#### Data:
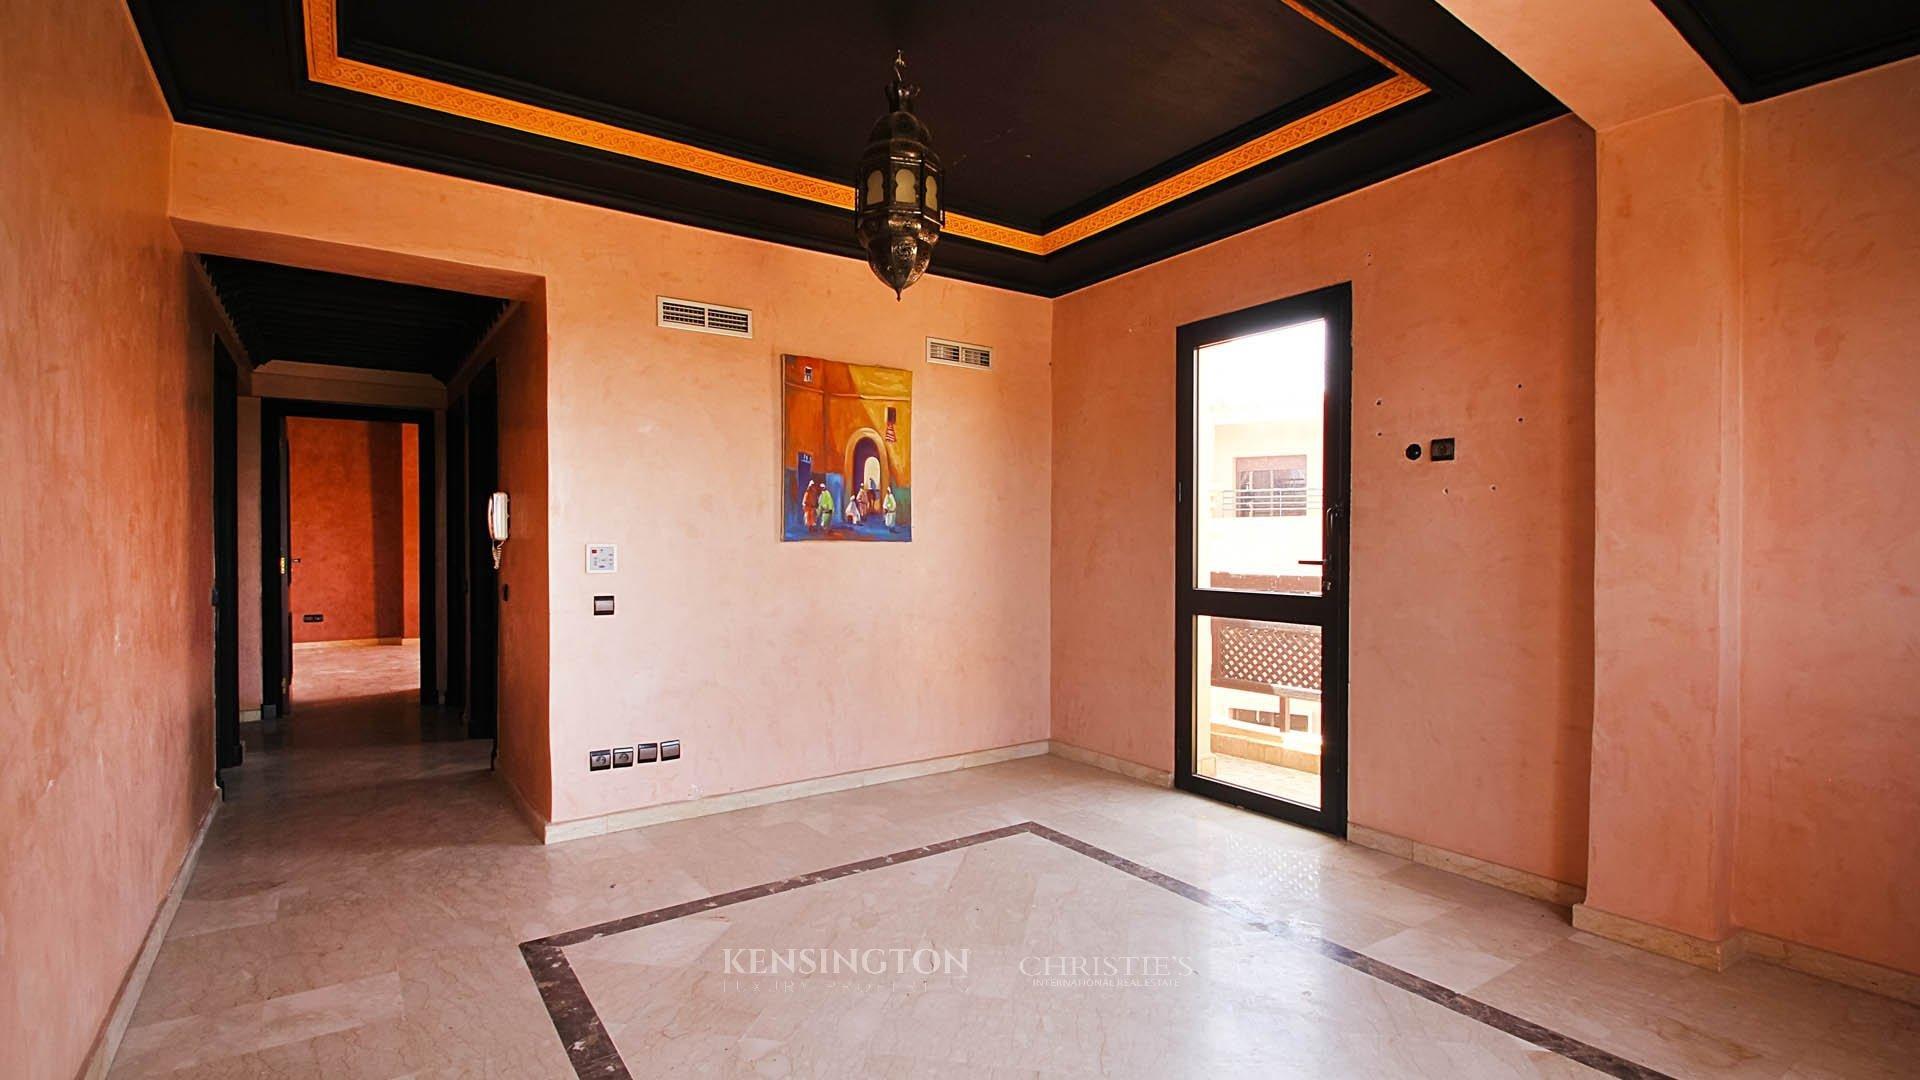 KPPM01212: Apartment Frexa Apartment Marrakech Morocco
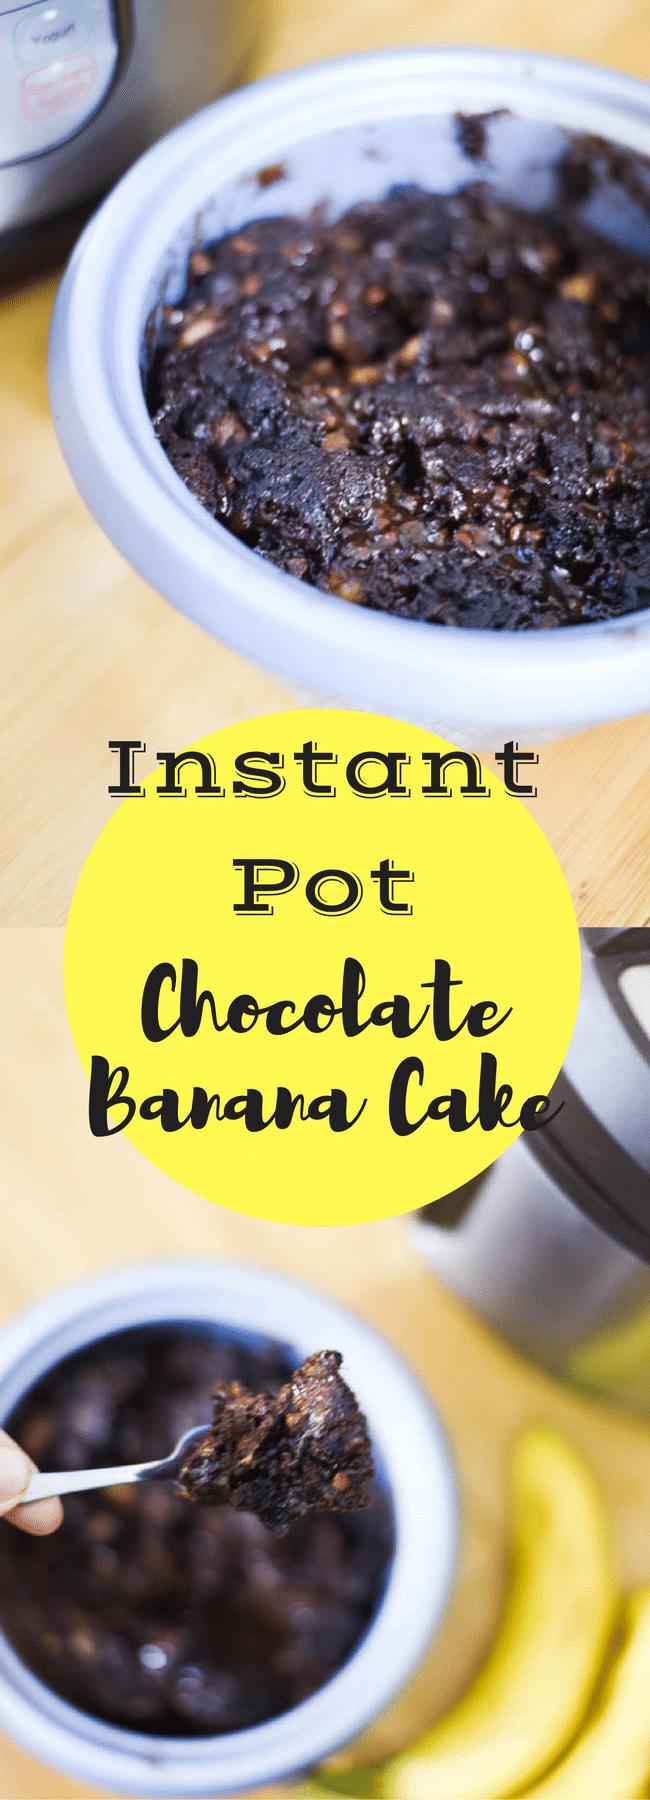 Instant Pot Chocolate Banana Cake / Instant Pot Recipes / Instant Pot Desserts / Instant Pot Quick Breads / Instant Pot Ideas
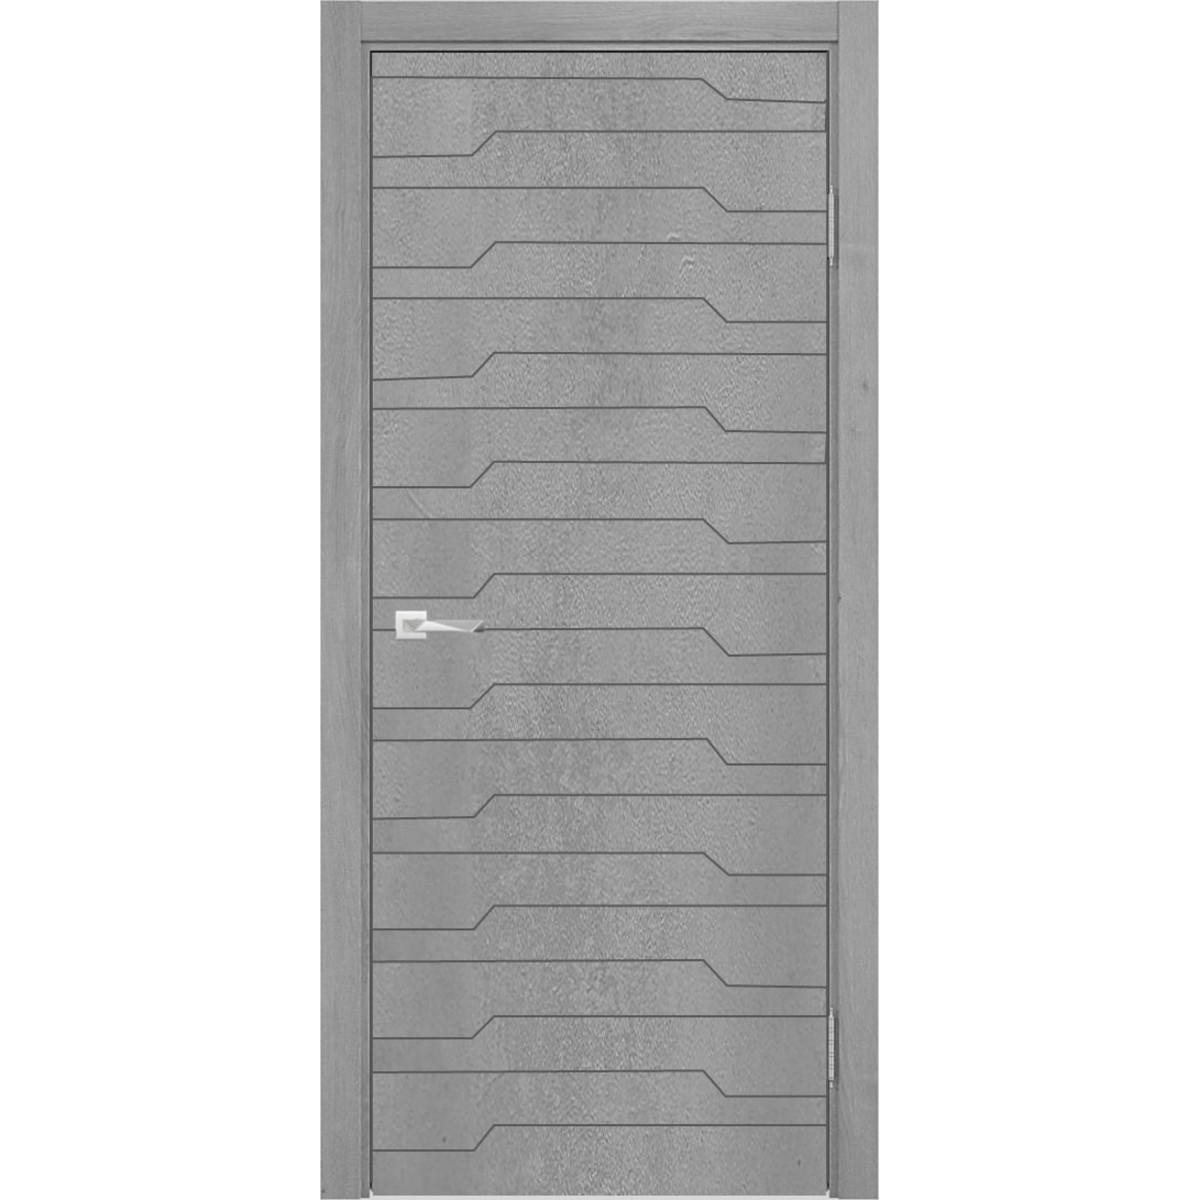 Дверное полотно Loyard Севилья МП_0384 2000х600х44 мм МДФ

#### About this exercise:
Output the material verbatim, skipping the images.

#### Reply:
 KPPM01212: Apartment Frexa Apartment Marrakech Morocco
 Instant Pot Chocolate Banana Cake / Instant Pot Recipes / Instant Pot Desserts / Instant Pot Quick Breads / Instant Pot Ideas
 Дверное полотно Loyard Севилья МП_0384 2000х600х44 мм МДФ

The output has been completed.